While there is much literature on differentiation —loosely defined as the gain of a single or a series of functions — we know much less about the forces and the pathways that maintain organ morphology and function as a unit. This may be partly because it is difficult to study a tissue as a unit in vivo and there are few techniques that allow maintenance of organs in vitro long enough and in such a way as to make cell and molecular biology experiments possible. Techniques for culturing cells in three-dimensional gels (3D) as a surrogate for tissues, however, have been steadily improving (for a recent review of current models, see [1]) and the method is now used by several laboratories.

In this commentary we discuss the following: first, how our laboratory came to develop a model of the mammary gland acinus; second, what this model has told us about mechanisms that govern tissue specificity and malignancy; and third, possible directions for future studies. We summarize the evidence for the central role of ECM signaling in the maintenance of mammary function in culture and (more briefly) its role in tumorigenesis. This is followed by a discussion of the role that tissue architecture and tissue polarity (as opposed to cell polarity) may play in these processes.

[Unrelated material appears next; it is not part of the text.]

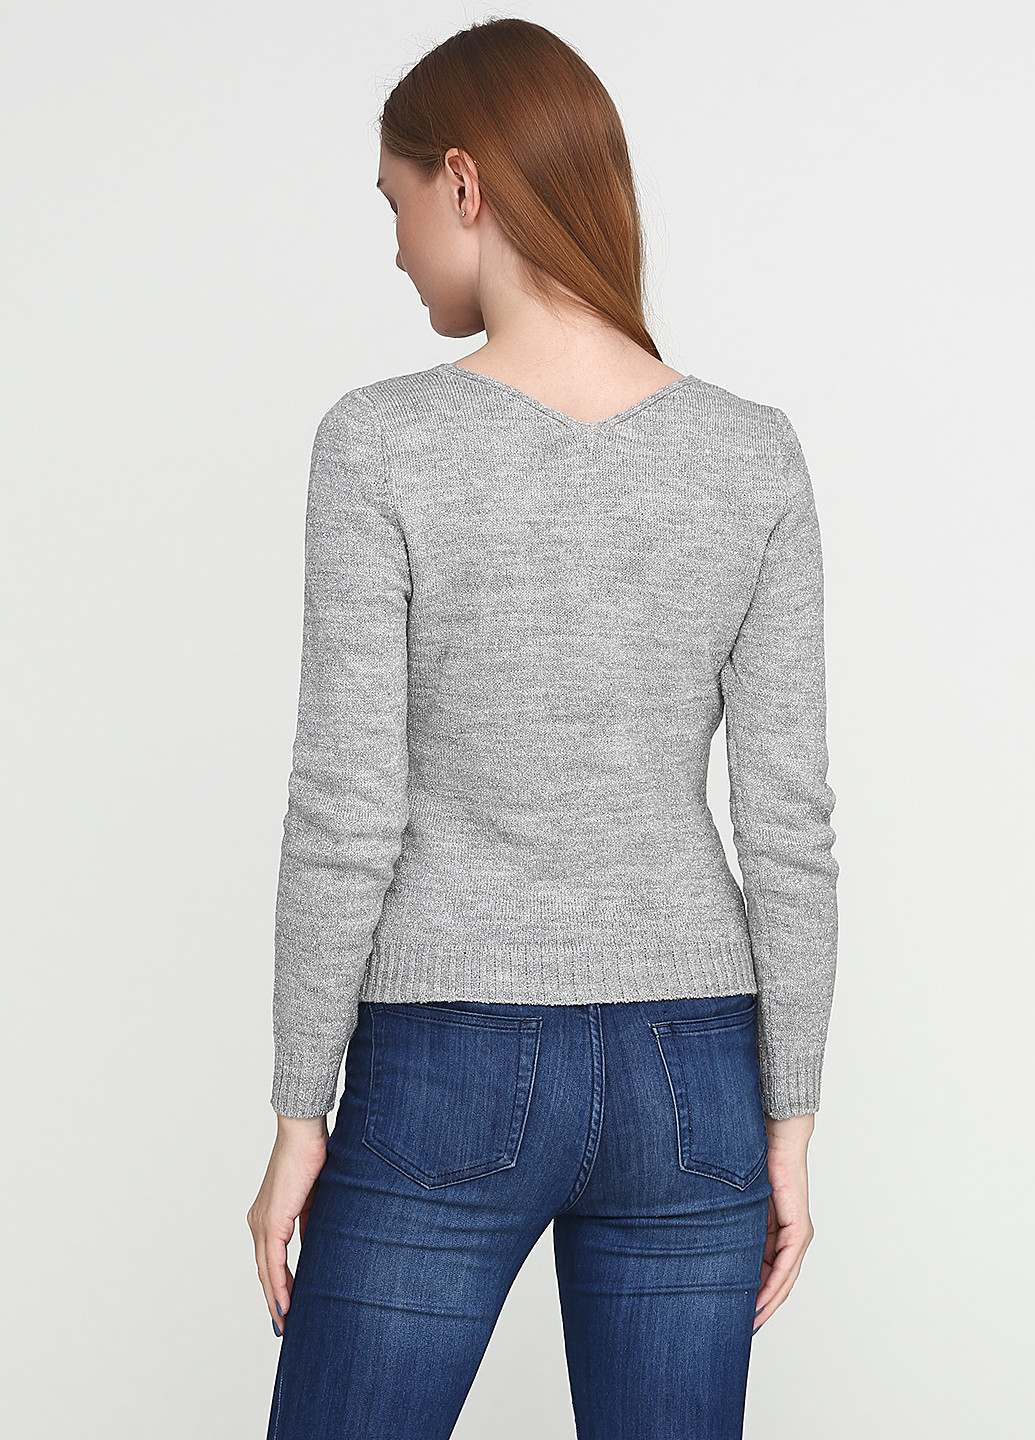 Светло-серый демисезонный пуловер пуловер Folgore Milano

In an elegantly written and reasoned essay [2], Kirschner et al. coined the new science of developmental biology ‘molecular vitalism’. They framed new concepts for self-organization as well as schemes for information flow in biological organization. Rao et al. [3••] reviewed and elaborated on differential-equation-based models of biochemical reaction networks and intracellular noise, with emphasis on bacteria and phage. Similarly, Hartwell et al. [4] discussed the synergy between experiment and theory in elucidating ‘modules’ — collections of interacting molecules — and in unraveling how these modules collaborate to perform cellular functions such as signal transduction. We believe that many of these ideas will also be applicable to the maintenance of tissue specificity. As much as we agree with Kirschner et al. [2] regarding the limitations of the machine analogy to biological systems, we conclude with thoughts on how we may proceed to model the complex tissue networks that govern breast tissue architecture. We suggest that our understanding of the structure and function of breast tissue would benefit from examining recent techniques for modeling large complex networks such as the World Wide Web and the Internet backbone among others [5,6••].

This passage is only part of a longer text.